Vanilla clotted cream fudge filled with chunks of custard creams. You’ll be reaching for piece after piece of this scrummy fudge!
Originally posted in May 2014, recipe and photographs updated August 2019.
As mentioned above, today on the blog I have a recipe update to share. It’s seriously delicious, requires five ingredients and will be gone in a flash!
I previously shared this recipe five years ago and as I was making this fudge again last weekend and I thought I’d update the recipe and photos from the original blog post.
Several months ago I made this Bourbon Biscuit Fudge and that reminded me of this recipe I created when I’d just started food blogging – it’s such a long time ago now! I always find it nice to go back, update and remake older recipes because often as a food blogger you’re having so much fun creating new content that you tend to overlook older, much-loved bakes that are deserving of a makeover.
My custard cream fudge has proved popular with readers making and enjoying it, also on one occasion my auntie took some of this along to a charity bake sale and it sold out almost immediately!
Not to sound bigheaded, but I think that tells you how good this fudge recipe is!
My sister, Becky, modelling this yummy custard cream fudge. The best sweetshop vanilla fudge with chunks of crunchy biscuits throughout!
I use a brilliant clotted cream fudge recipe from Rodda’s and add chopped custard creams. For anyone overseas or who might not know what custard creams are, they’re basically two plain biscuits sandwiched together with a vanilla custard-flavoured buttercream filling.
Trust me, once you’ve tasted a custard cream there’s no doubt about it you’ll be hooked on them! Along with bourbon cream biscuits, digestives, gingernuts and jammy dodgers, custard creams too are one of us Britons favourite biscuits for dunking into tea.

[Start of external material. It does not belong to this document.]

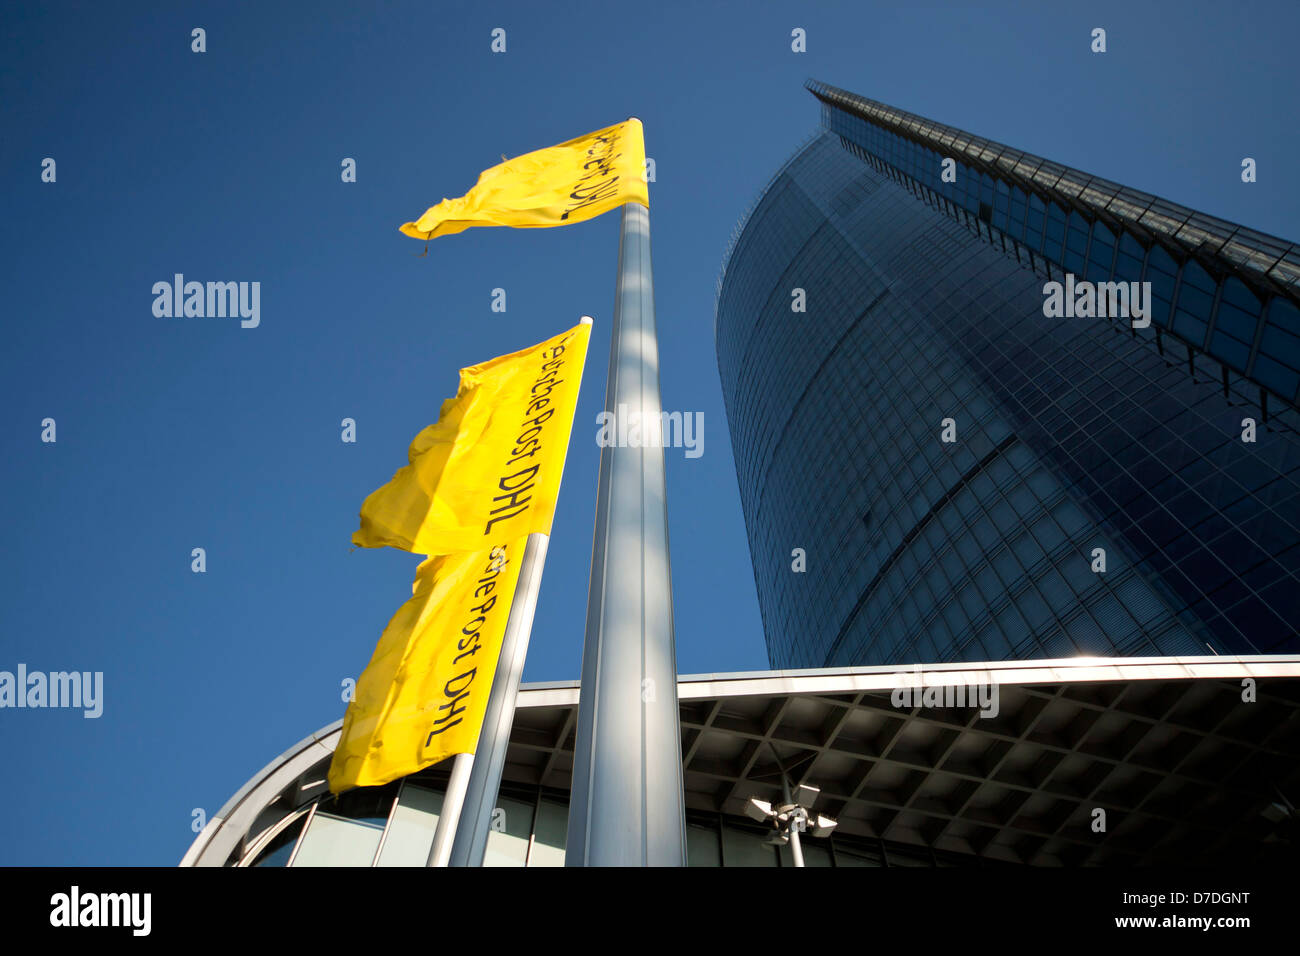 La tour de la poste, le siège de l'entreprise de logistique DHL Deutsche Post à Bonn, Rhénanie du Nord-Westphalie, Allemagne, Banque D'Images

The crunch from the vanilla flavoured biscuits contrasts wonderfully with the rich decadent clotted cream fudge. The reason I love this fudge recipe is because it tastes almost exactly like handmade fudge from a traditional sweetshop, but better because it’ll be made in your own kitchen!
(Makes approx. 40 pieces)
275g caster sugar
1 x 227g tub Cornish clotted cream
100g golden syrup
1/2 teaspoon vanilla extract (optional)
200g custard creams, chopped
- Line a 8 x 8 inch (20 x 20cm) square tin with parchment paper and set aside.
Place all the ingredients (except the custard creams) in a large saucepan. Heat gently and stir until all the sugar has dissolved.
- Turn the heat up and the bring the mixture up to the boil – occasionally stir the fudge to stop it catching. Allow to boil for 3-5 minutes until it’s turned a light golden colour. Then take straight off the heat – you can check the fudge is ready by using a sugar thermometer. If it has reached 116°C / 240°F then it’s ready. But if you don’t have a thermometer you can drop a small amount of the mixture into a glass of cold water and if a soft ball forms, then the fudge is ready to take off the heat.
- Using a wooden spoon, continuously beat the fudge for 5-10 minutes until it is really thick and matte. Now fold in 3/4 of the chopped biscuits. Spread the fudge into the tin you prepared and lined earlier and decorate the top with the remaining chopped biscuits – press into the top to make sure they stick.
- Place the fudge in the fridge for at least 4 hours or overnight until set. Once set, cut the fudge into pieces – this recipe makes approx. 40 pieces of fudge.
- Fudge will keep in an airtight container at room temperature or in the fridge for up to 3 days.
- Though the recipe only requires five ingredients, the vanilla extract is optional. I love the flavour it adds, but it can be omitted.
- This recipe makes roughly 40 pieces of fudge, it might make more or less depending on how big or small you cut your squares of fudge.
- The fudge is best left overnight to set for it to firm up enough.
- This fudge will keep stored in an airtight container at room temperature for up to 3 days, please note that the biscuit on top will soften and loses it crunchiness a little the longer you keep it – however the biscuit takes on a softer more cake-like consistency, which is still very enjoyable nonetheless.